**Problem requirements**
Starting at the line that holds "Technics RS-676 (US)" and stopping at the line that holds "Det var glada", restate the records below word for word, with both of those lines included.
[[ Records for the exercise open ]]
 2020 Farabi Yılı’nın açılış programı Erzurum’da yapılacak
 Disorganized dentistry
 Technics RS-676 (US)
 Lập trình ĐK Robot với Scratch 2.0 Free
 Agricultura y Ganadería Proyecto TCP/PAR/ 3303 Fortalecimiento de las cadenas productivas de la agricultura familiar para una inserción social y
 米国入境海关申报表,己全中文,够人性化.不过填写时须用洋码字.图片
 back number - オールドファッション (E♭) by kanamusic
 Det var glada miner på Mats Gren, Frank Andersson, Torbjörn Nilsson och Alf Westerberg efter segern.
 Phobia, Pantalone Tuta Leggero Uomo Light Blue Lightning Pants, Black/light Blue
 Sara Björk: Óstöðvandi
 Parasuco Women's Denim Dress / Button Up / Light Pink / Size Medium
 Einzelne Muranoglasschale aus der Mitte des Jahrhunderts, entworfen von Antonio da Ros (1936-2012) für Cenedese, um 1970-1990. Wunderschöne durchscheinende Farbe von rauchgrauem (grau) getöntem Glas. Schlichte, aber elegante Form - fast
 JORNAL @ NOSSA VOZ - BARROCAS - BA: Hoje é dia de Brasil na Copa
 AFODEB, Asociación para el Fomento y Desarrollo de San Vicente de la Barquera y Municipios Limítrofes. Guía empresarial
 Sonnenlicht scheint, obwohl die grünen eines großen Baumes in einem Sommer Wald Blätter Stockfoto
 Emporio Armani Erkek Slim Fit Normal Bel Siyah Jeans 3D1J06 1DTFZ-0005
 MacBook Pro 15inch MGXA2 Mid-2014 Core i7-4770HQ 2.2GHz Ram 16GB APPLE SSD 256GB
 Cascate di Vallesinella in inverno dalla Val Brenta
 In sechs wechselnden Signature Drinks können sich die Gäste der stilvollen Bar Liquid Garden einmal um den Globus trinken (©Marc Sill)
[[ Records for the exercise closed ]]
**Exercise answer**
 Technics RS-676 (US)
 Lập trình ĐK Robot với Scratch 2.0 Free
 Agricultura y Ganadería Proyecto TCP/PAR/ 3303 Fortalecimiento de las cadenas productivas de la agricultura familiar para una inserción social y
 米国入境海关申报表,己全中文,够人性化.不过填写时须用洋码字.图片
 back number - オールドファッション (E♭) by kanamusic
 Det var glada miner på Mats Gren, Frank Andersson, Torbjörn Nilsson och Alf Westerberg efter segern.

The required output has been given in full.